At midnight on June 30, dials will read 11:59:60 for one second as clocks pause to allow the Earth’s rotation to catch up with atomic time.

Atomic time is constant, but the Earth’s rotation is gradually slowing by around two thousandths of a second per day.

It is the task of scientists and officials at the International Earth Rotation Service, based in France, to monitor the planet’s rotation and tweak time where necessary. Some years the Earth is on time and no adjustment is needed.

Software companies are bracing themselves for problems. When the last leap second was added in 2012 software and websites such as Mozilla, Reddit, Foursquare, Yelp, LinkedIn, and StumbleUpon all reported crashes and there were problems with the Linux operating system and programs written in Java.

Many computing systems use the Network Time Protocol, or NTP, to keep themselves in sync with atomic clocks. But most are not programmed to deal with an unexpected extra second.

Google has developed a special technique to deal with what it refers to as a “leap smear” by which it gradually adds milliseconds to its system clocks prior to the official arrival of the leap second. “The Earth is slowing down a little bit,” said Nick Stamatakos, the chief of Earth Orientation Parameters at the US Naval Observatory. “Atomic clocks keep very accurate time.”
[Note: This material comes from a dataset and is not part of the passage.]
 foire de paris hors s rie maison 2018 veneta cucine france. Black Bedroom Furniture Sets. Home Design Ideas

The first leap second occurred in 1972, and it will be the 26th time in history one has been added to clocks. It means that the rotation of the Earth will have slowed 26 seconds compared with the time measured on atomic clocks.

Mr Stamatakos added: “For that day [June 30] there will be 86,401 seconds, instead of 86,400 seconds.”
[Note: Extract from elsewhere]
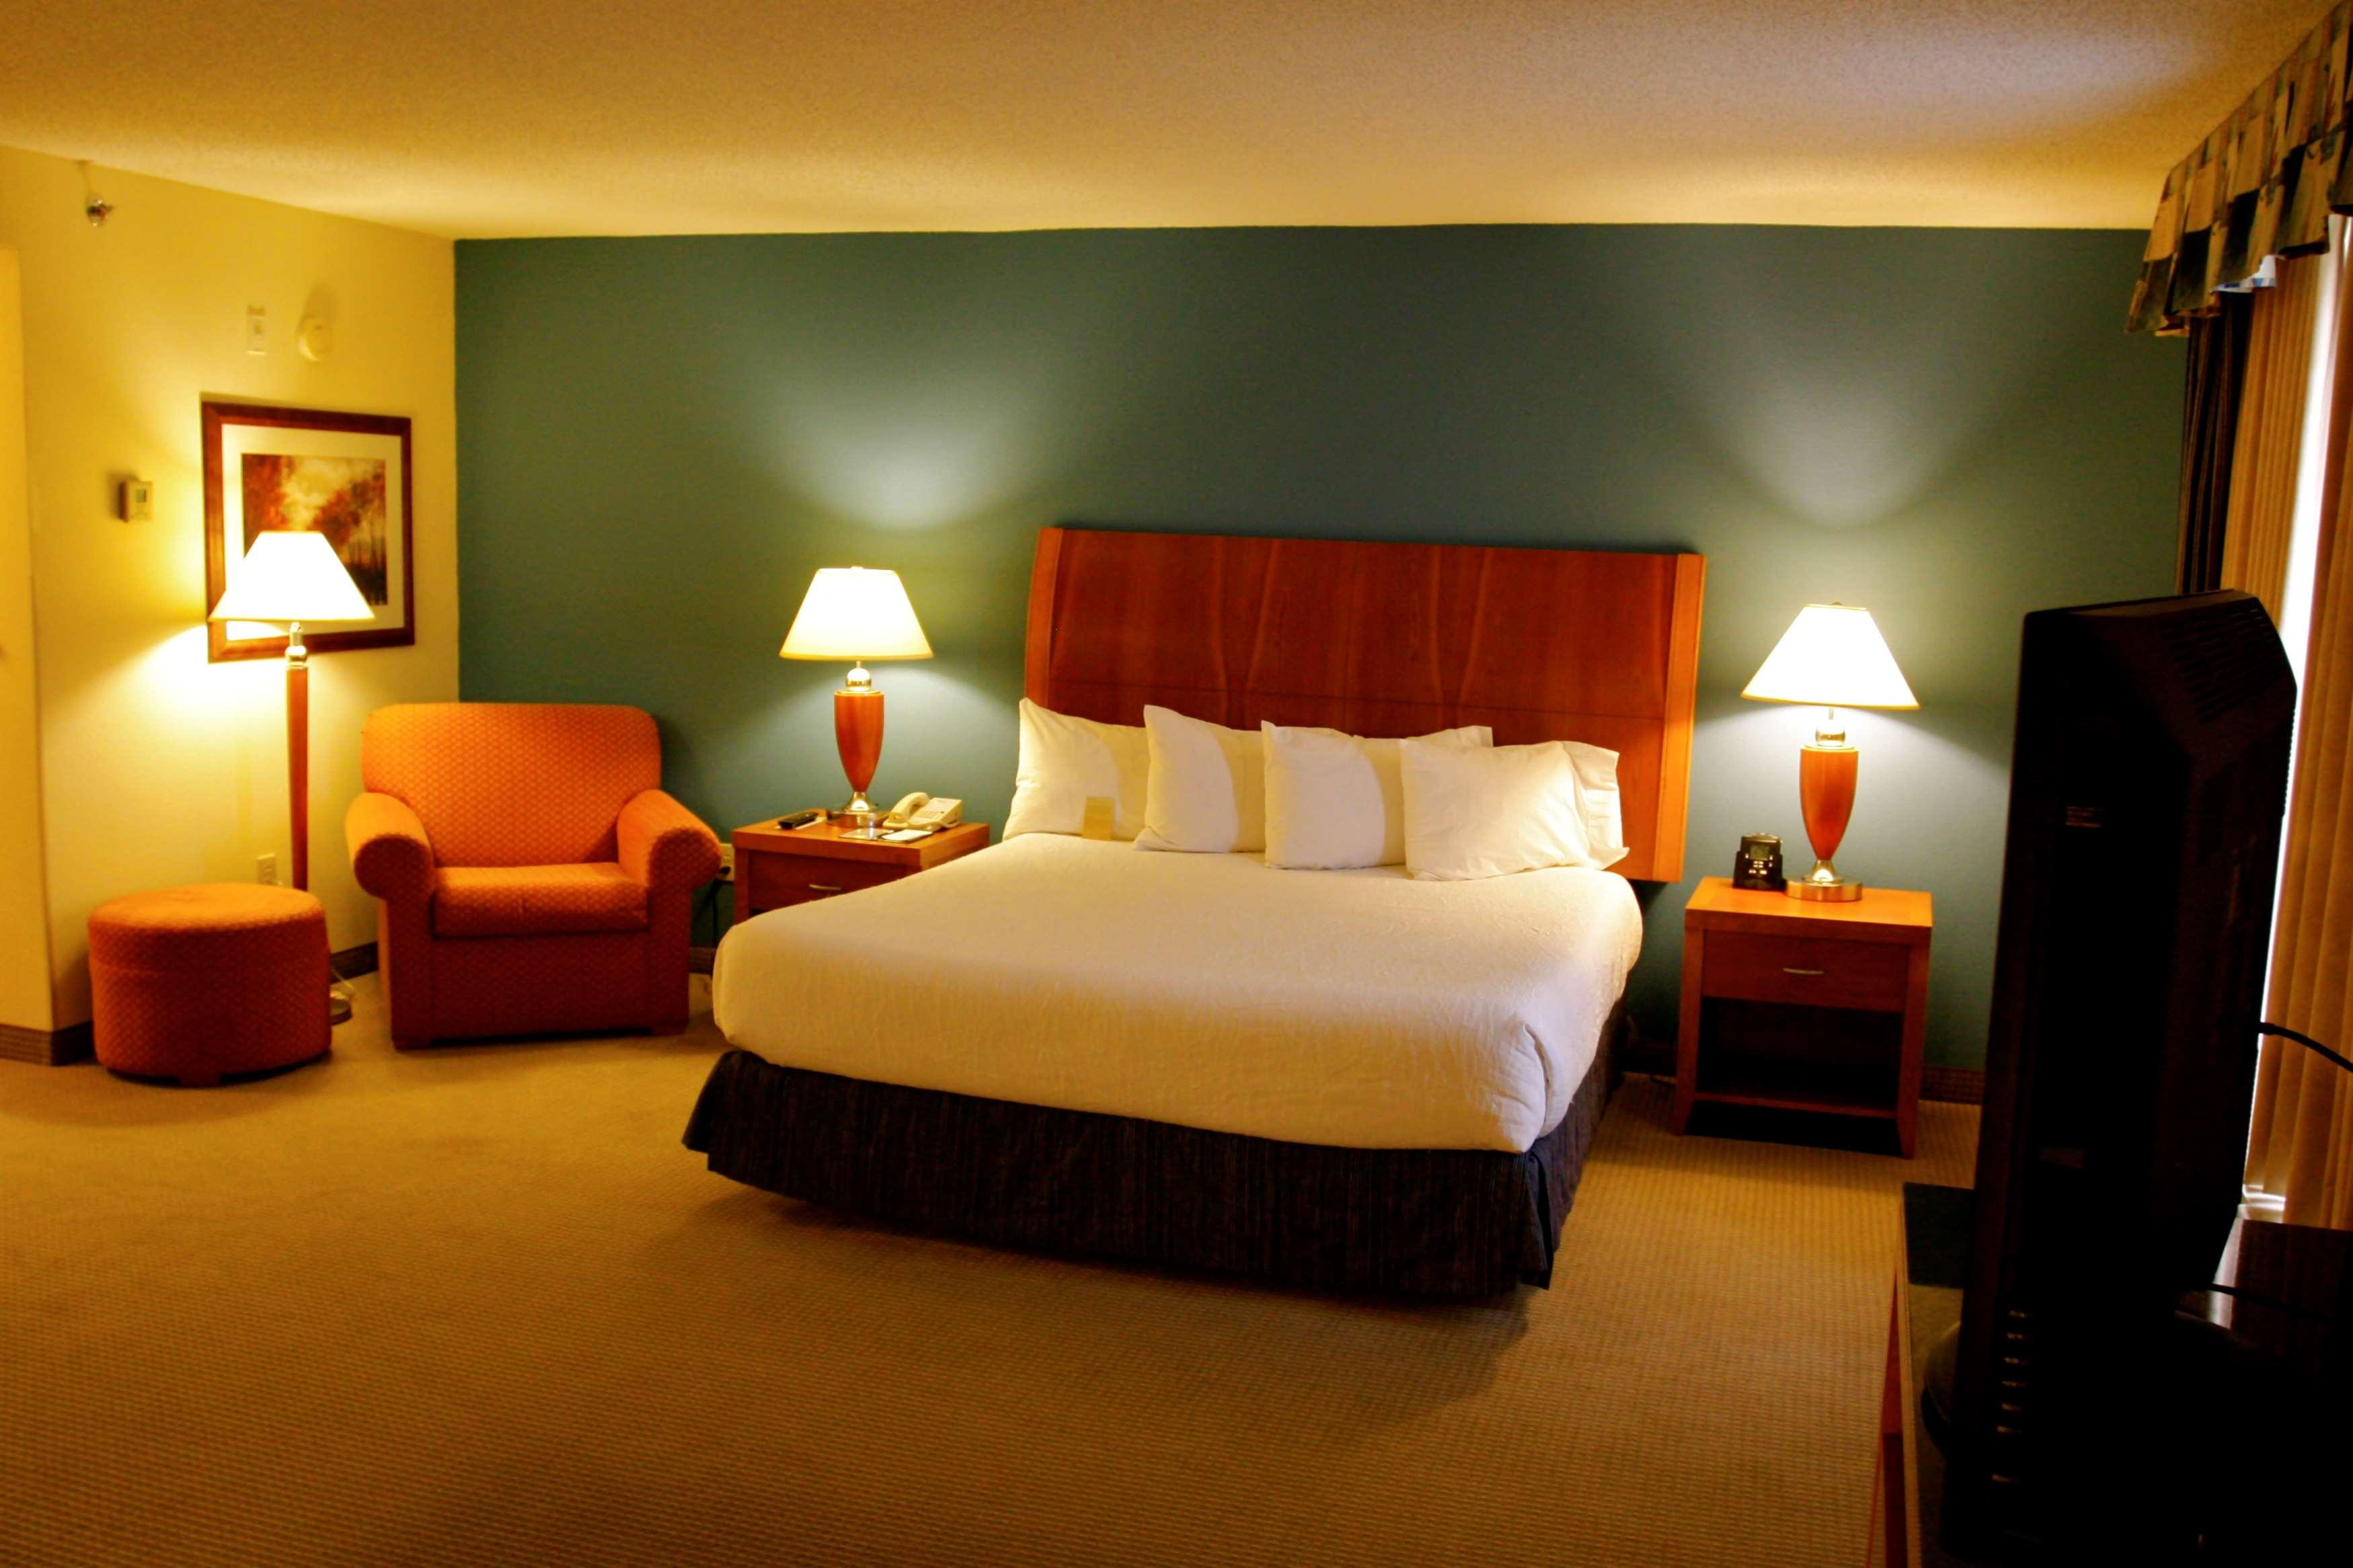 Hilton Garden Inn Albany image 19

Leap seconds are rarer now than when the practice began. From 1972 to 1979, at least one second was added every year. Leap seconds were added six times throughout the 1980s, but only four will have been added since 1999.

The US wants to get rid of leap seconds, claiming that they are too disruptive to precision systems used for navigation and communication.

Britain opposes the change, saying that it would forever break the link between our concept of time and the rising and setting of the Sun. It would also spell the end for Greenwich Mean Time, which is measured by the time at which the Sun crosses the Greenwich Meridian and was adopted in Britain in 1847.

Experts fear that once this link is broken it could never be restored because adding a leap minute or hour to global timekeeping systems would be virtually impossible.